The Rev. Peg Chemberlin, president of the National Council of Churches and a driving force behind Sunday’s event, pointed out that at a commemorative gathering held shortly after Sept. 11, 2001, about 35,000 people came to the state Capitol to “stand together.” Then, nobody asked if you were a Christian, Jew, Republican or Democrat, she said. Mutual support transcended people’s differences.

The active involvement of the Minnesota faith community at an event such as Sunday’s supported by civic leaders sends a critically important message to terrorists, she said.

“When the faith community stands together in its diversity, we witness to the power of religious freedom in this country. So democracy wins —the terrorists didn’t win,” said Rev. Chemberlin, former executive director of the Minnesota Council of Churches.

As a member of the Moravian church, a Christian denomination, Chemberlin said she believes that democracy is an expression of God’s will.

“In our denomination we say, ‘In essentials — unity; in non-essentials – liberty; and in all things — love.’”

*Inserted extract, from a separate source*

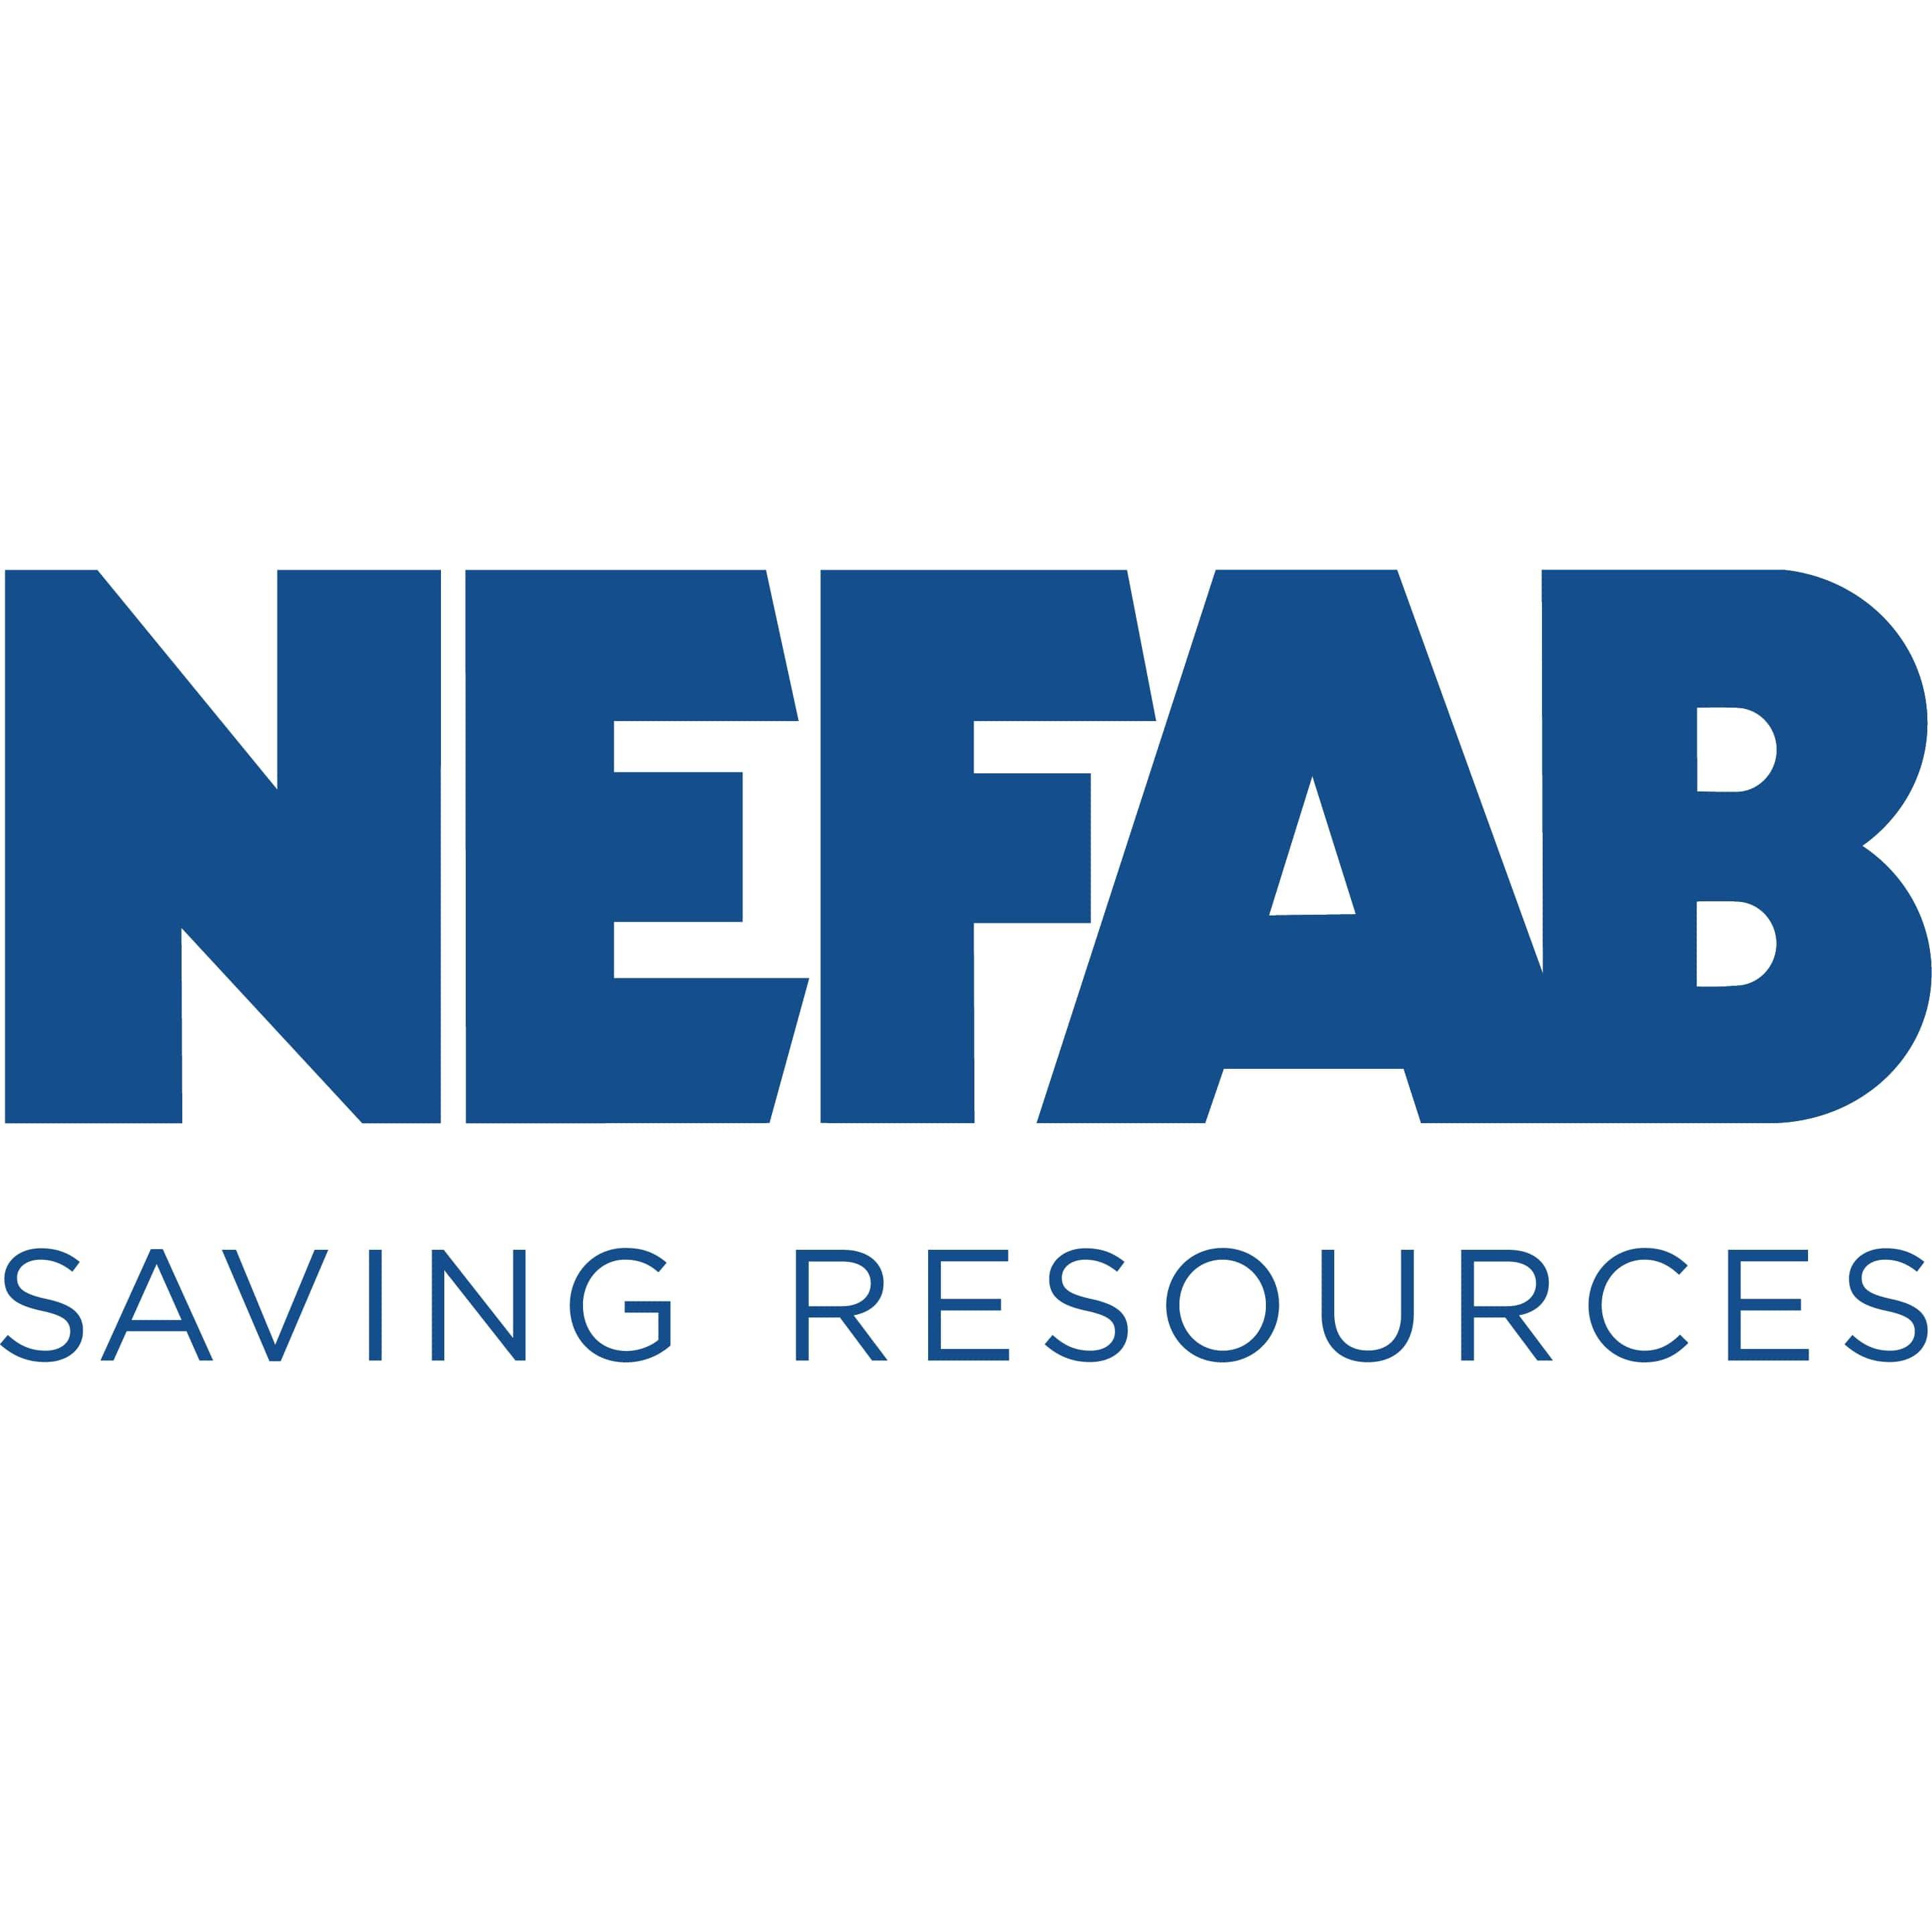 Nefab Oy Ab Logo

Steve Hunegs, executive director of the Jewish Community Relations Council of Minnesota and the Dakotas, said he remembers once looking through a book of newspaper articles about 9/11 and seeing one that quoted the 23rd Psalm: “I will fear no evil for you are with me.”

Since 9/11, there have been 20,000 deployments of Minnesota National Guard members to Afghanistan and Iraq, Hunegs said. In defending our nation abroad, he said, they live out the Scriptures by sublimating their fear — turning it into a sacrificial service.

Sunday’s program, with its uplifting music and the voices of children, first responders, an imam, political leaders, a bishop and many others, was a product of wrestling with the implications of the free exercise clause of the Constitution, Hunegs said.

“We’re all Americans.” he said. “Our country was attacked and I want to honor our country — that rings strongly for me.”